EXERCISE GOAL: Leave the pictures out and quote only the lines from the one with "DJ Will spinning the tune" down to the end of the listing below.

PROVIDED MATERIAL:
◇ ◇ ◇ ◇ ◇

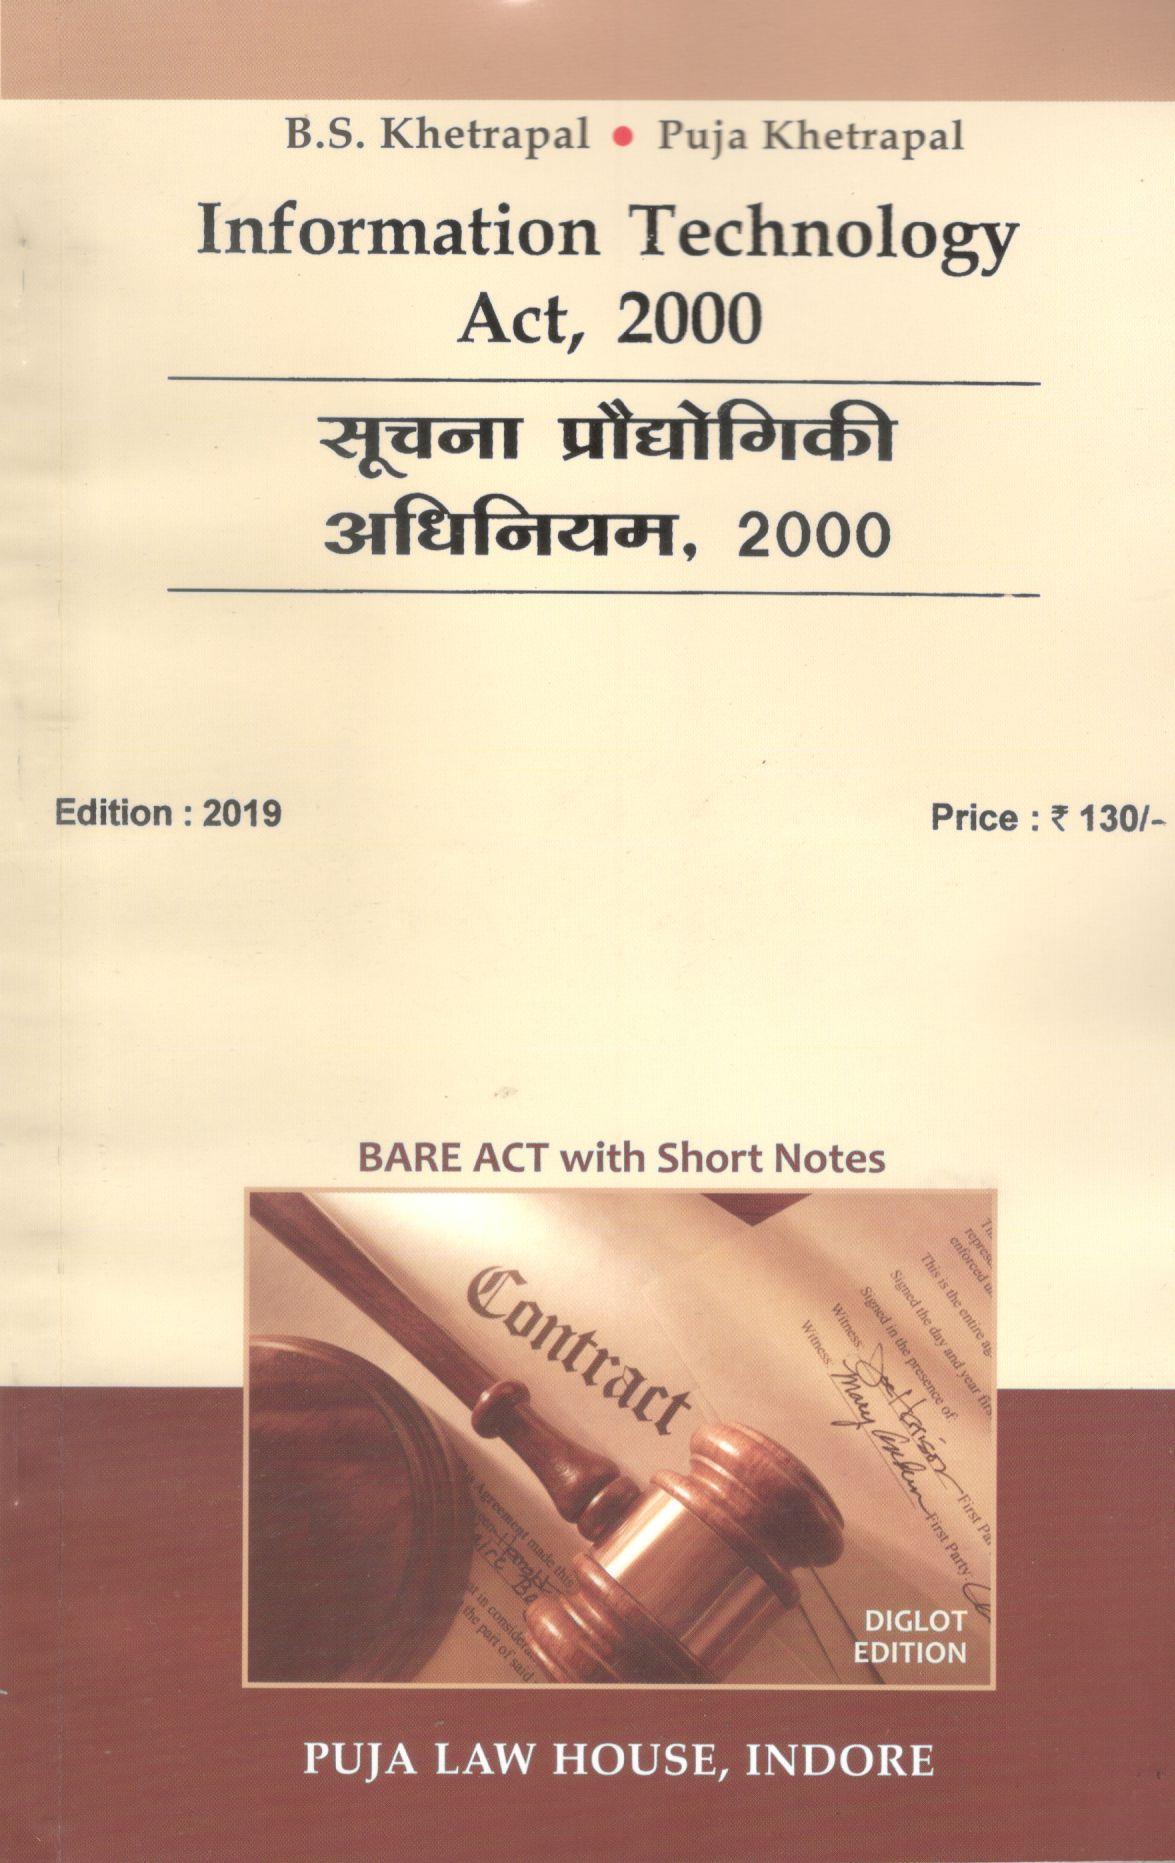 सूचना प्रौद्योगिकी अधिनियम, 2000 / Information Technology Act, 2000
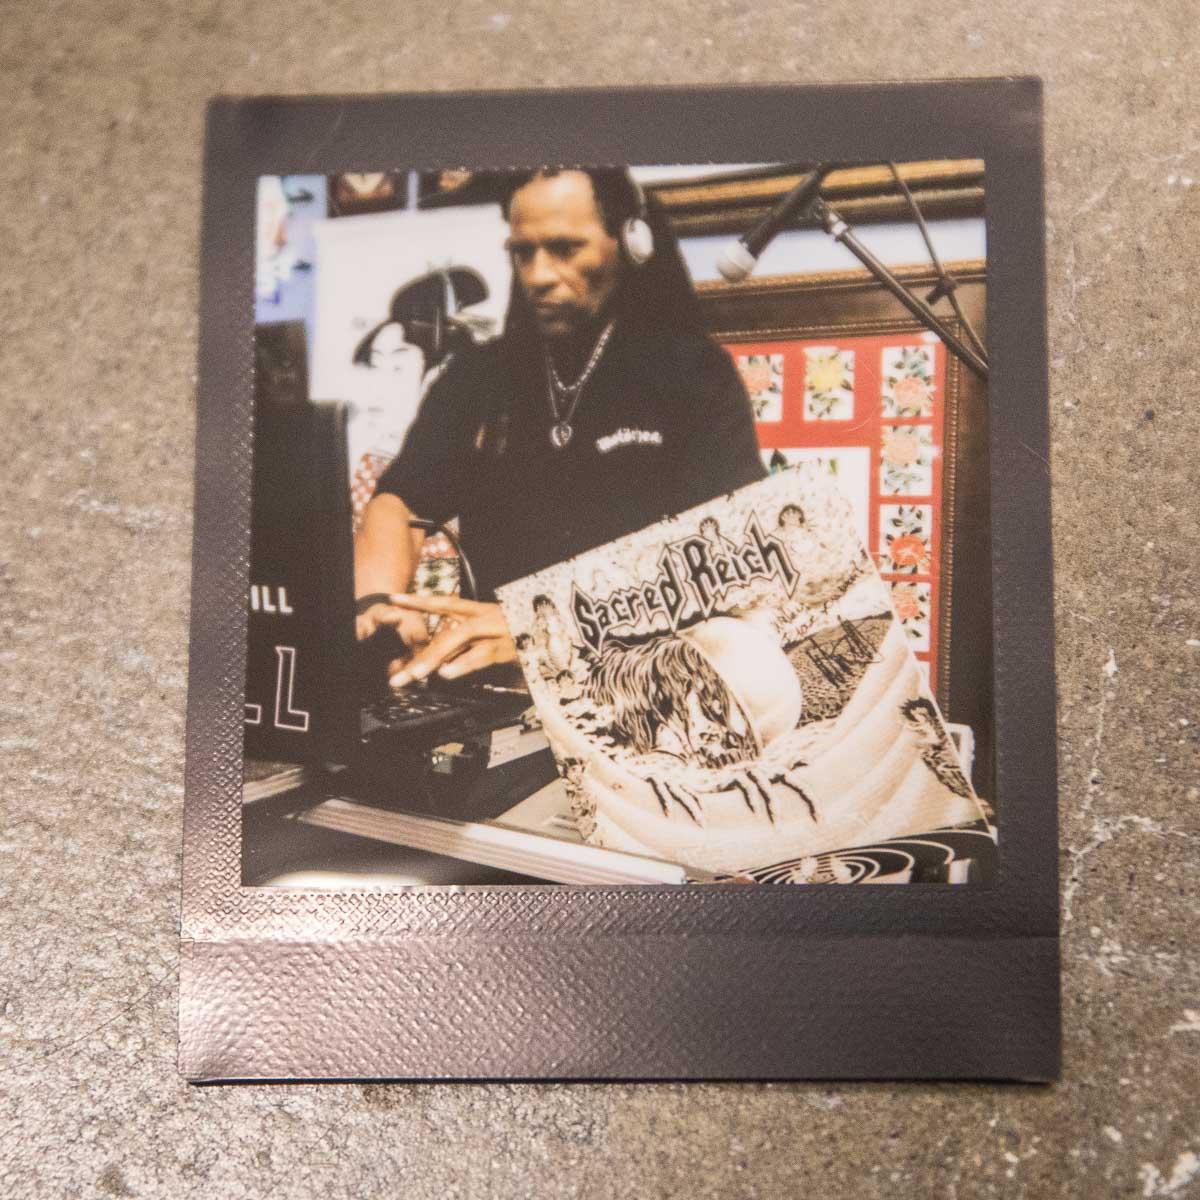 DJ Will spinning the tune
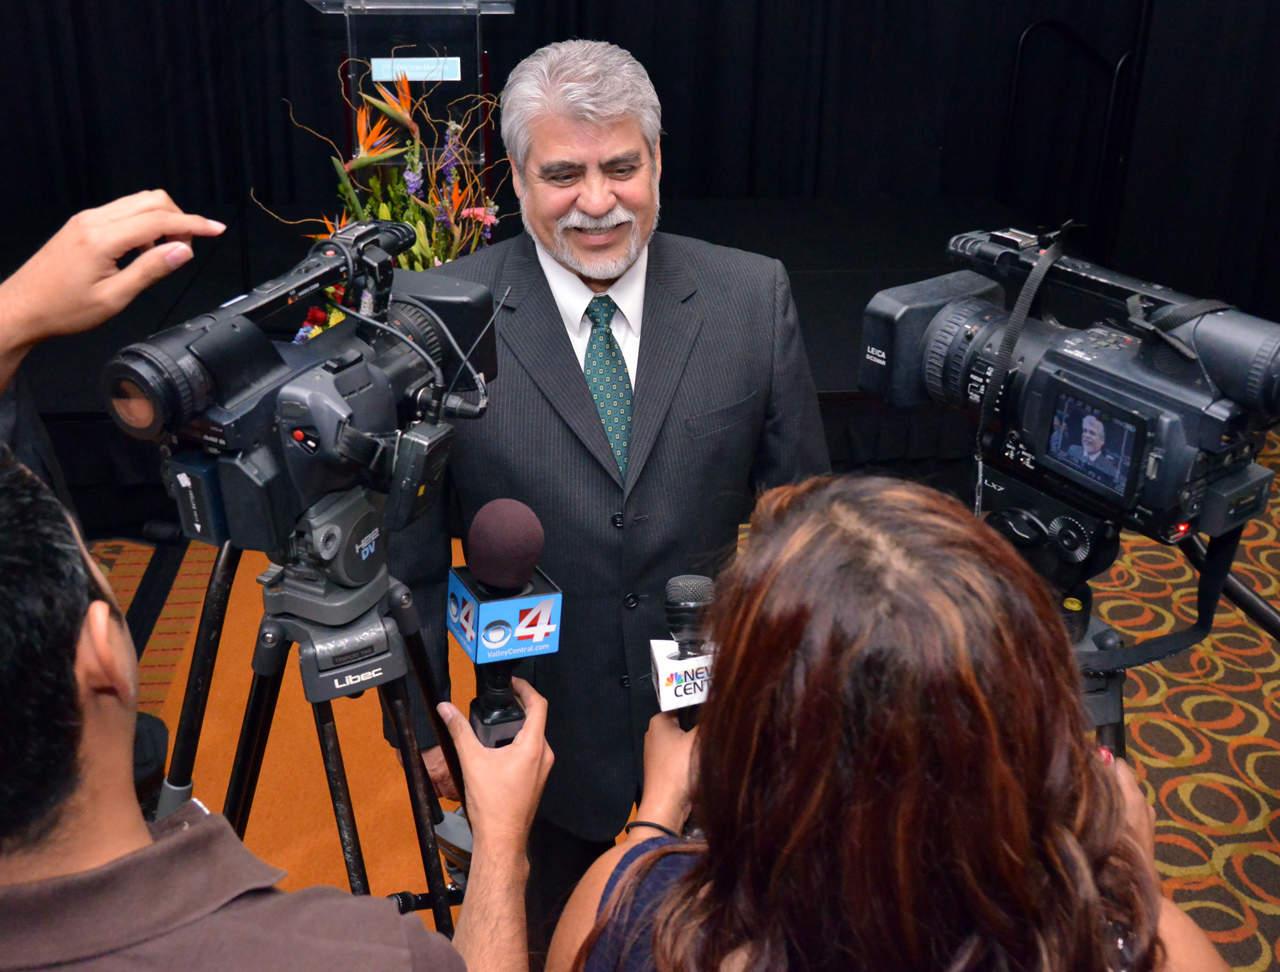 Photograph By ROBERTO GONZÁLEZ/Texas Border Business/Mega Doctor News

◇ ◇ ◇ ◇ ◇

RESULT OF THE EXERCISE:
 DJ Will spinning the tune
 Photograph By ROBERTO GONZÁLEZ/Texas Border Business/Mega Doctor News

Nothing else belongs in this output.